Studies aimed at learning the best way to assist individuals can be relatively easy to design, but still require time and money. For example, certain questions can be easily studied by comparing participants and non-participants – who have been randomly assigned to a “treatment” and “control” group – because they relate to how individuals respond to specific interventions:

Do Vitamin A supplements reduce infant mortality? (Sommer et al 1986)
Do textbooks increase students learning? (Glewwe et al 2001)
Do microfinance programs improve child nutrition? (MkNelly and Dunford 1998)

But questions regarding the best ways to “produce” services – requiring comparisons across classrooms, facilities or districts – can also be addressed in a relatively straight- forward fashion:

Does hiring an additional teacher in non-formal schools improve attendance and performance? (Banerjee et al 2003)
What are the most effective ways to reduce provider absenteeism in schools and government clinics? (Banerjee and Duflo 2005)
Does rewarding teachers or children for improved test scores lead to sustained boosts in students’ learning? Which is more effective: incentives for teachers or for students? (Glewwe et al 2003 and Kremer 2003)
Does community monitoring of development programs reduce corruption? Is it more or less effective than audits? (Olken 2004)

It is still feasible, though more resource-intensive, to use randomized assignment to assess programs that have externalities—that is, to measure the net impact on a person (or community) from a program that was delivered to a neighboring person or community:

Does school-based mass treatment of children for intestinal parasites, in a high prevalence area, improve health and schooling even for those not receiving the treatment? (Miguel and Kremer 2001)
Does agricultural extension have effects beyond the farmers who are directly affected through the diffusion of their learning to their neighbors? (Conley & Udry 2001)

In other cases, measuring the impact of a national program delivering new social services is possible by contrasting changes across districts or municipalities as they are introduced in successive waves:

Do cash transfers to poor families that are conditional on school attendance and utilization of preventive health care services improve children’s health and schooling? (Gertler 2000, Schultz 2000)

Even questions that might be considered quite difficult to answer – such as the impact of gender on political decision-making – can be rigorously studied:

Do quotas for women's participation in political decision-making improve allocations of public funds? (Chattopadhyay and Duflo 2001)

In short, the only real limitation on this type of impact evaluation is for addressing questions for which no credible counterfactual can be constructed. But even in these cases, there is usually a series of underlying questions that need to be answered through impact evaluation to begin to find answers.

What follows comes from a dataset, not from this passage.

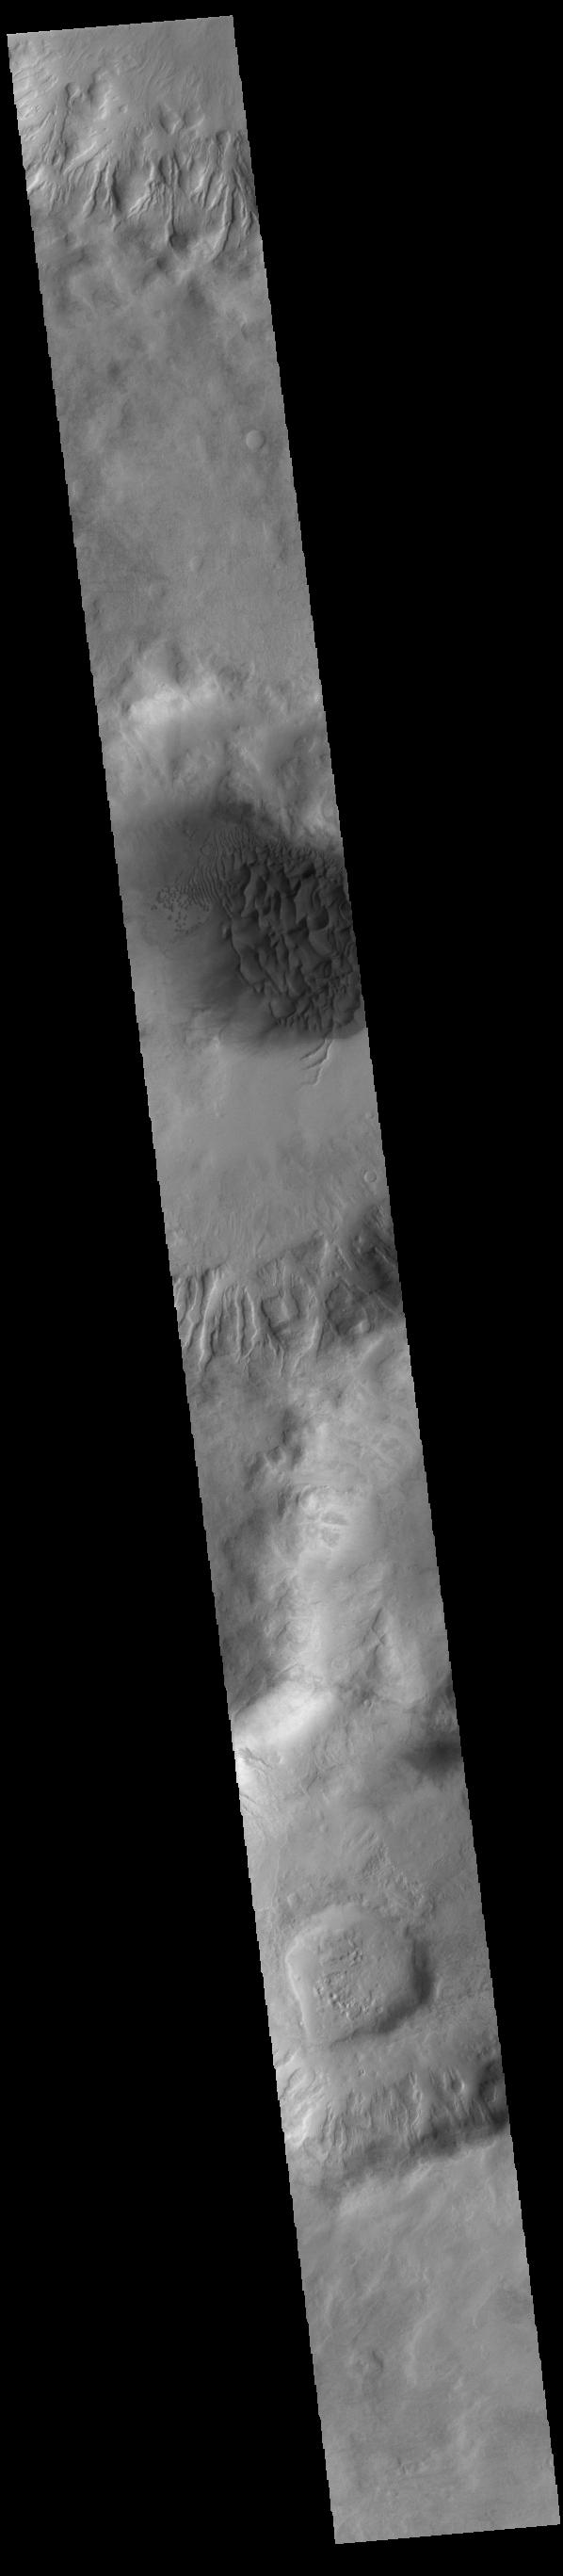 This image from NASAs Mars Odyssey shows a large sand sheet with surface dune forms as well as smaller sand dunes within an unnamed crater in Noachis Terra.

For example, it would be difficult to develop a random assignment study to assess "budget support" (i.e. recent strategies of development assistance that replace project-specific funding with direct financial support to developing country governments and linked to broader policy targets). However, if we had a good evidence base on what were the most effective interventions in particular circumstances (built up from impact evaluations), we would be in a position to indirectly judge the impact of moving from project assistance to direct budget support. This is because we would have a measure of the effectiveness of the programs implemented by the government under the budgetary support scheme. By contrast, in the absence of information about which programs are effective, it is impossible to judge whether a government has made a "better" or "worse" allocation of its budget. More importantly, without good impact evaluations, governments who receive additional budgetary support do not have information on which to base their decisions about how to spend the money effectively.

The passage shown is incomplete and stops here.